Previous studies of the prevalence of the MetS in PCOS have documented an increased prevalence of MetS in women with PCOS, with some variations depending upon age, the diagnostic criteria and the comparison group studied (Fig. 3). The comparison group used for our study is a population comparison rather than disease-free ‘control’ comparison. Other studies have used normal, disease-free controls for comparison, a method that is likely to over-estimate the burden of the MetS and therefore the imputed cardiovascular risk of PCOS in comparison with the population (Faloia et al., 2004; Dokras et al., 2005; Carmina et al., 2006; Hahn et al., 2007). There is no doubt that some of the AusDiab participants do have PCOS since it is a common endocrinopathy. We agree with Bloom et al. that population comparisons are the most informative for assessment of relative cardiovascular risk (Bloom et al., 2006). Moreover, we have been careful to select the AusDiab group to match the age distribution, rather than simply the age range, of the PCOS subjects. The prevalence of MetS in age-selected females in AusDiab was 10% by NCEP-ATP-III and 13% by IDF definition compared with 18% for all females in the AusDiab population (Cameron et al., 2007).
|
The revision of the diagnostic criteria, by including the ultrasound findings as a diagnostic criterion (The Rotterdam ESHRE/ASRM-Sponsored PCOS Consensus Workshop Group, 2004
), has introduced new phenotypes that are less likely to have insulin resistance (Azziz, 2006). The one study that has used these criteria noted a lower prevalence of MetS in women with PCOS than has been found in other studies (Carmina et al., 2006). However, there was a similar MetS prevalence (NCEP) in ESHRE/ASRM-classified (8.2%) and NIH-classified (8.9%) PCOS. Those patients whose clinical characteristics satisfied only ESHRE/ASRM criteria had a significantly lower MetS prevalence (5%).

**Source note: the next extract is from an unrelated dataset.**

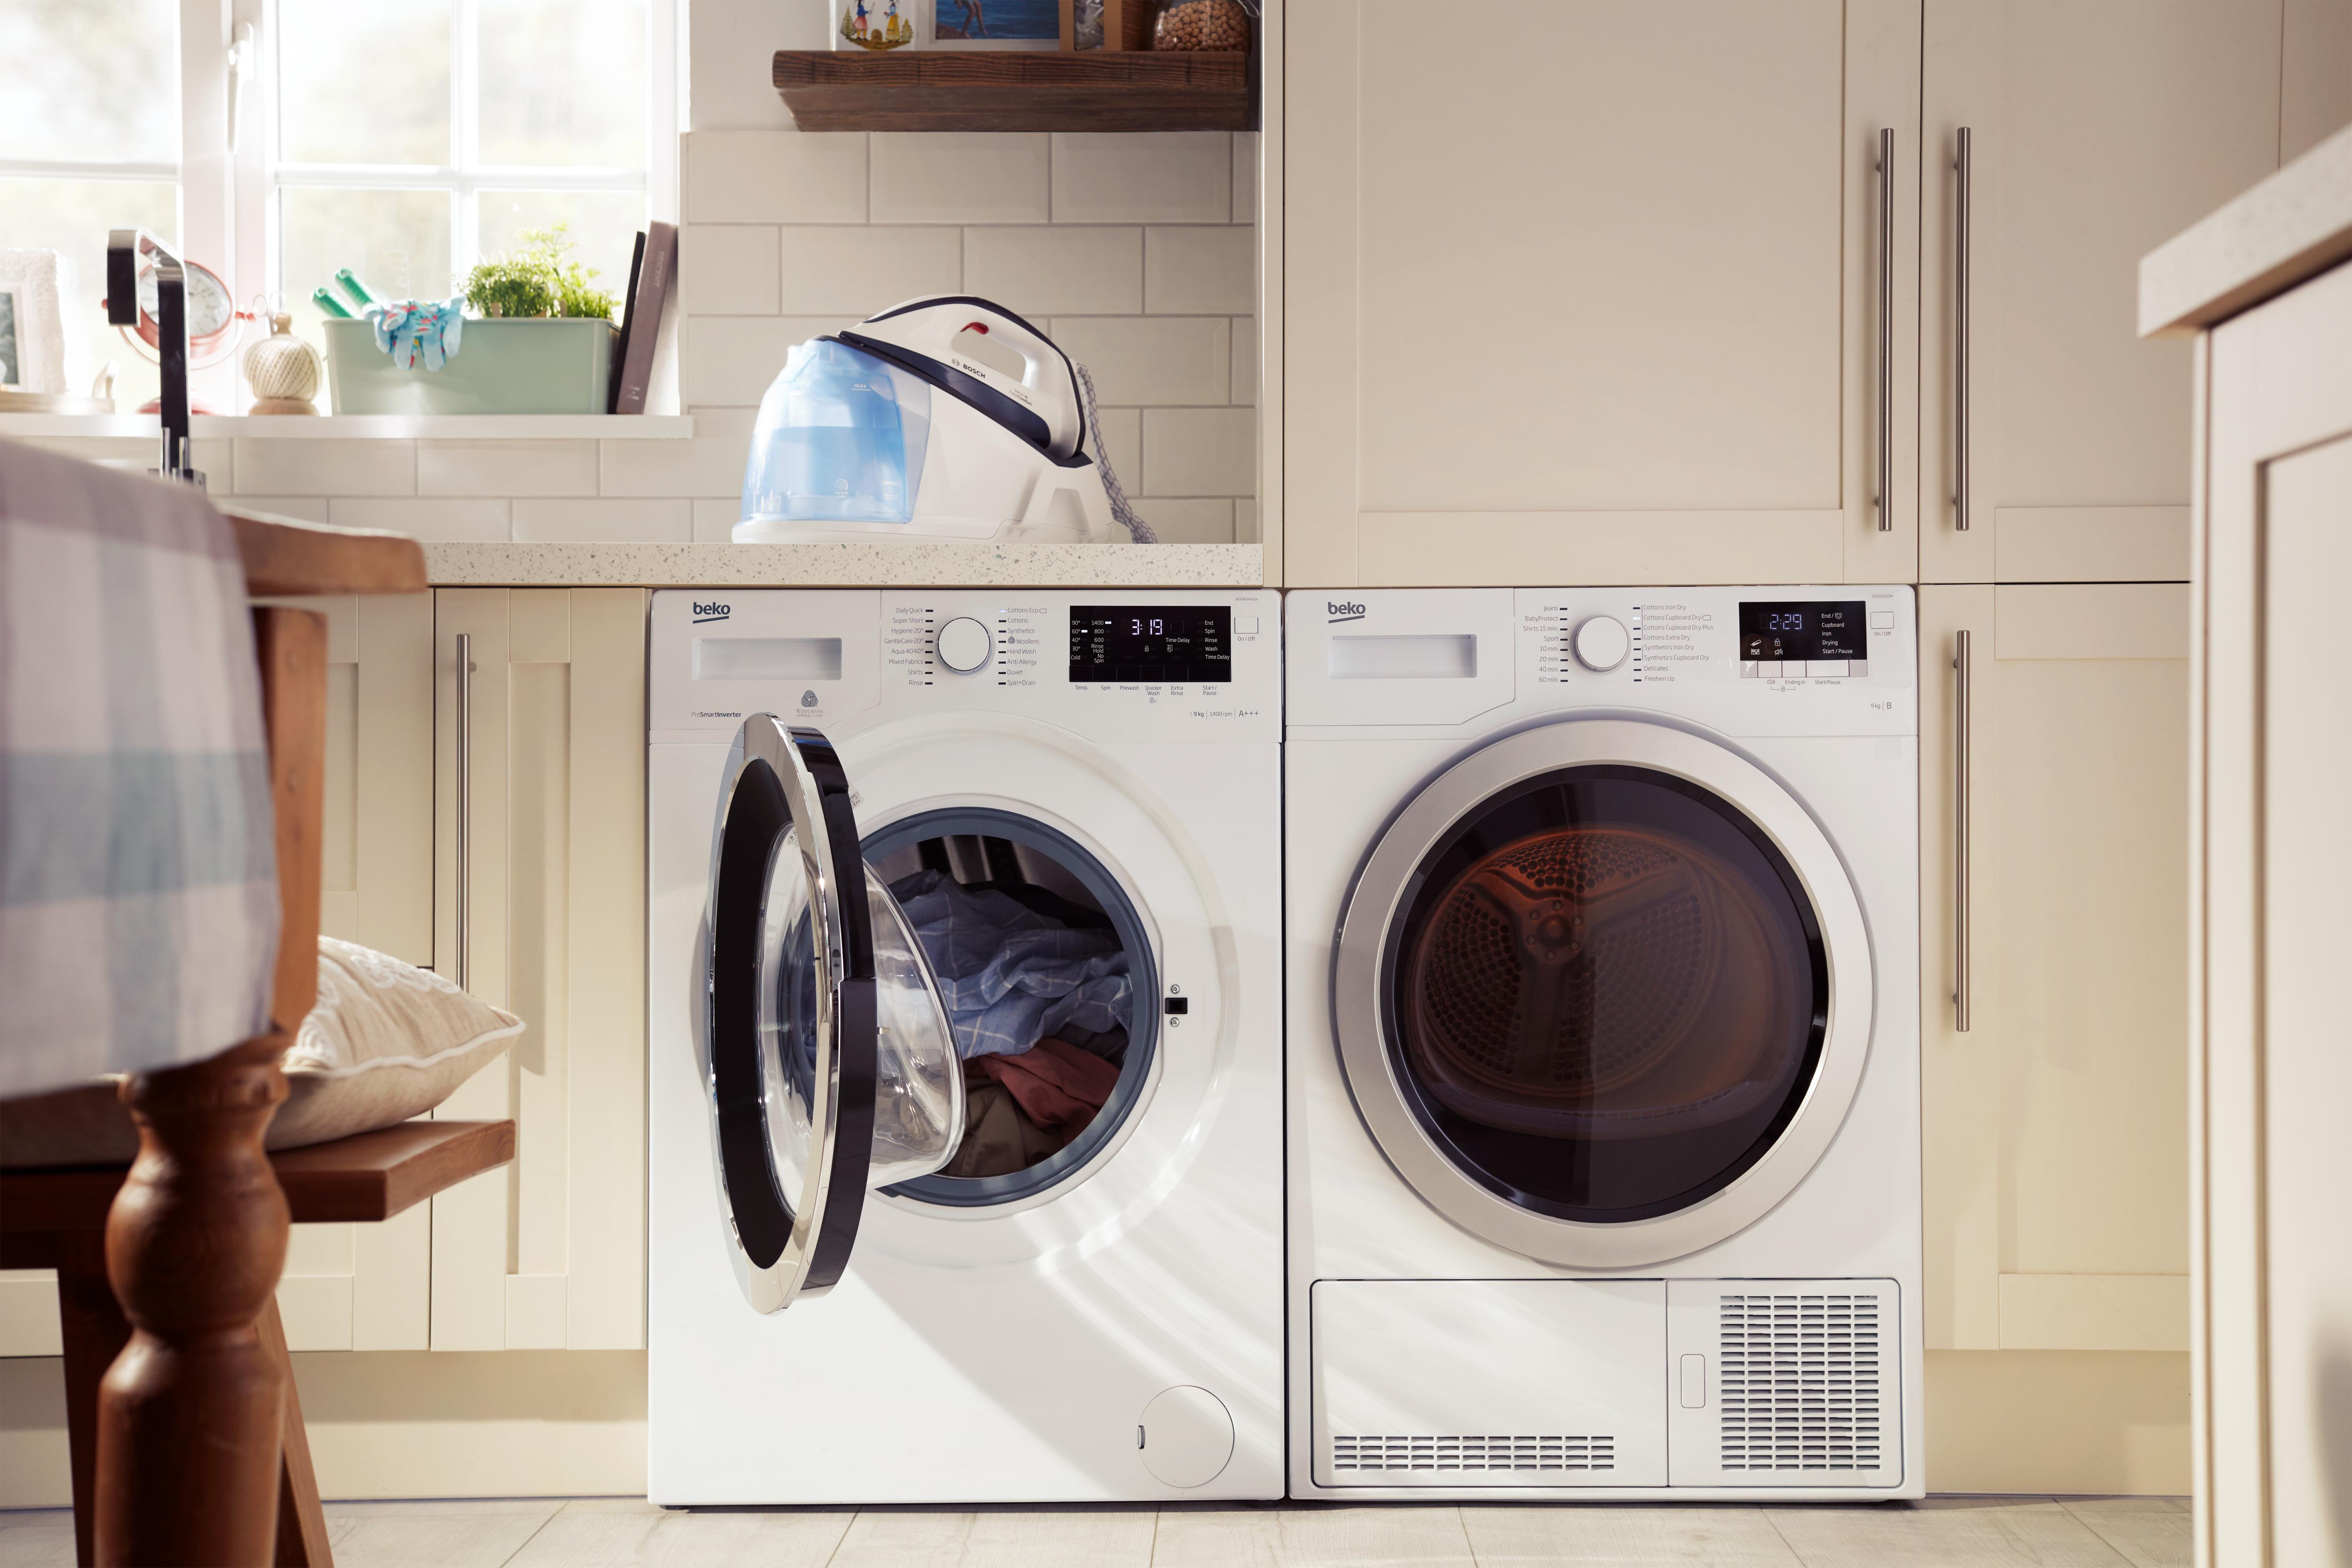 Tip Mudah Cuci Mesin Basuh
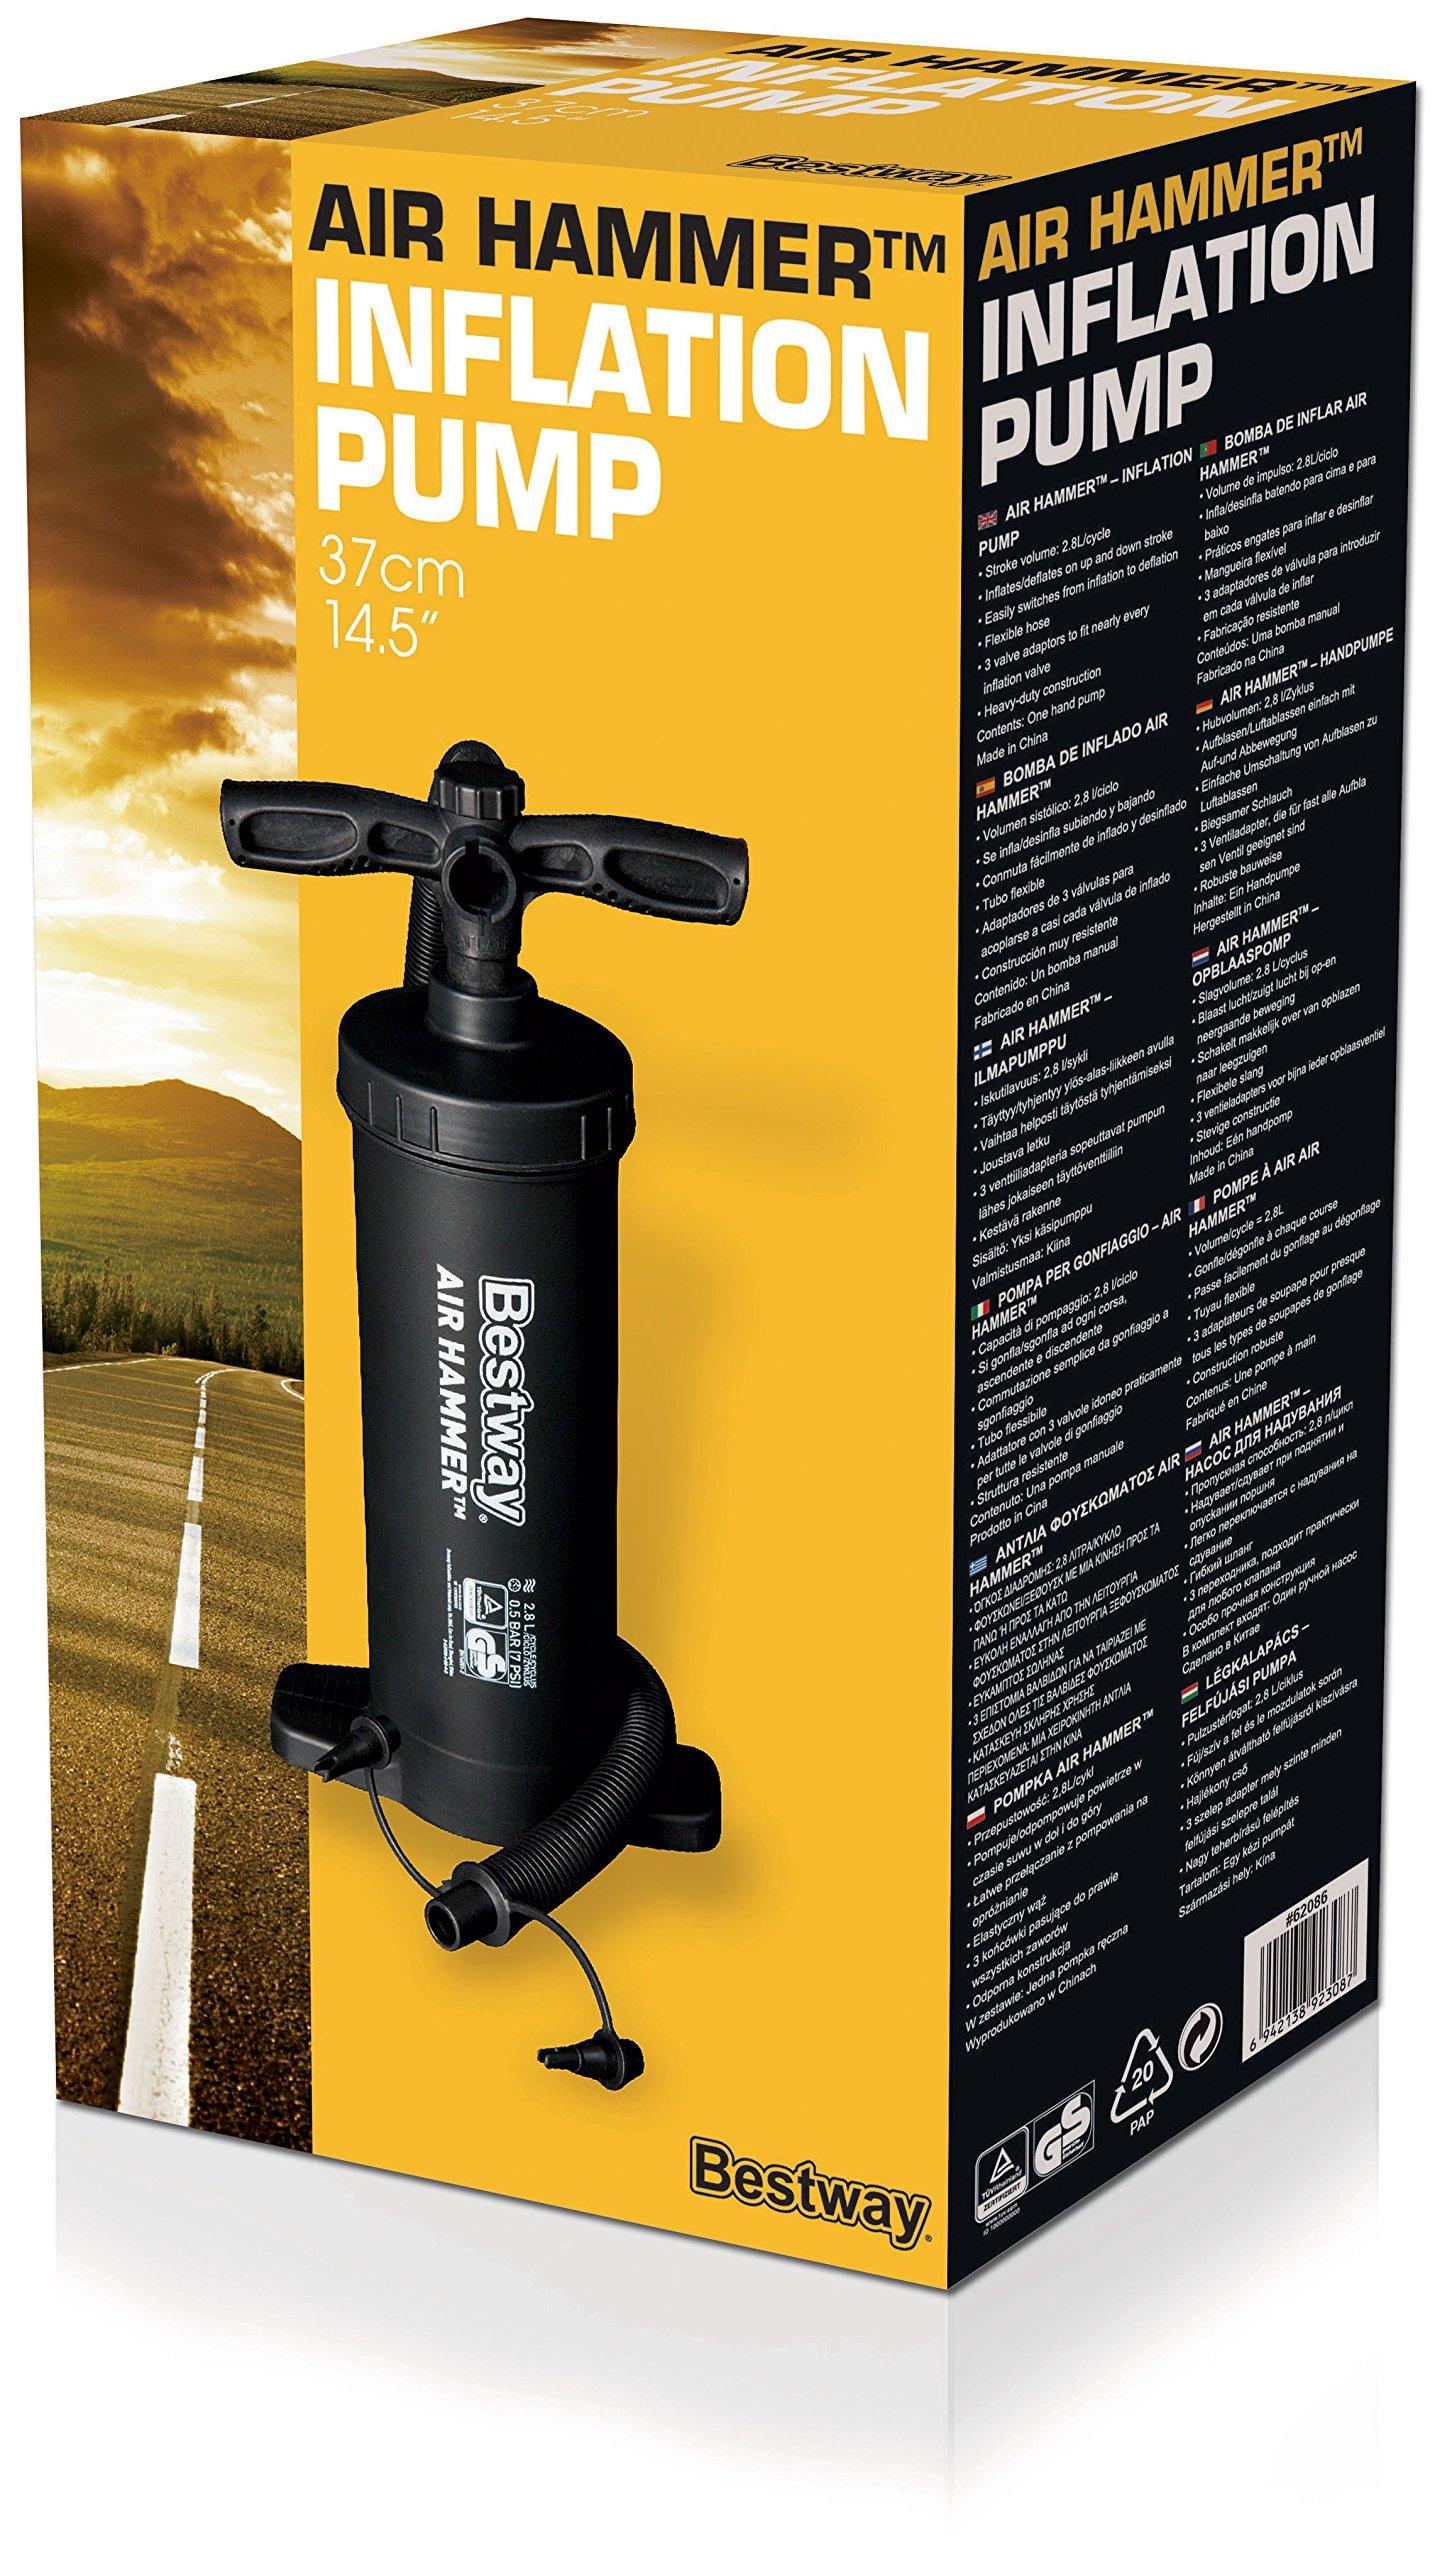 Bestway Air Hammer Inflation Pump 3

Our study found a very similar prevalence of MetS to a recent German study using IDF criteria (Hahn et al., 2007). Studies conducted in the USA report a somewhat higher prevalence of MetS, 46–47% (Glueck et al., 2003; Dokras et al., 2005), except for one that was conducted in the process of clinical trial recruitment and excluded women with diabetes or cardiovascular disease (Ehrmann et al., 2006). Conversely, a relatively low prevalence, 14.5%, was reported in a Korean study (Park et al., 2007) as well as in the Italian study by Carmina et al. (2006), 8–16%, suggesting a modifying effect of racial and/or cultural differences. Of interest, although our study and those of others have shown an increase in the prevalence of MetS with age, one smaller study that studied women of average age 38.7 ± 4.8 years, reported a prevalence of 15.3% (Talbott et al., 2004).
Our second hypothesis was that the prevalence of the MetS by WHO criteria would be significantly greater given the inclusion of insulin resistance in the WHO definition. This hypothesis was not upheld by the data. The prevalence of MetS was lower, but not significantly so, by WHO compared with the other criteria, despite the proposed central role of insulin resistance in the pathophysiology of PCOS. The one other study that compared MetS criteria, WHO and NCEP-ATP-III, did find a higher prevalence by WHO criteria (Carmina et al., 2006). The weight of subjects in that study was less than in our study and those of others and it is likely that that has influenced the findings. It seems that BMI outweighs the criterion of insulin resistance in overweight PCOS populations.
We, and others, have examined the prevalence of individual components contributing to the classification of MetS (Glueck et al., 2003; Apridonidze et al., 2005; Dokras et al., 2005; Carmina et al., 2006; Hahn et al., 2007; Park et al., 2007). The most common components of the MetS in the PCOS subjects were elevated WC, elevated BMI and reduced HDL. Elevated fasting glucose is the least prevalent abnormality in all the studies including our own. In our study, fasting glucose was not significantly different between the PCOS and the AusDiab group. This is surprising given the supposed predictive value of MetS for the development of type 2 diabetes and the known association of PCOS with gestational diabetes and with a high rate of progression to type 2 diabetes (Norman et al., 1995; Lo et al., 2006). Legro et al. (1999) have highlighted the problems of the relative insensitivity of a fasting glucose in identifying impaired glucose metabolism in women.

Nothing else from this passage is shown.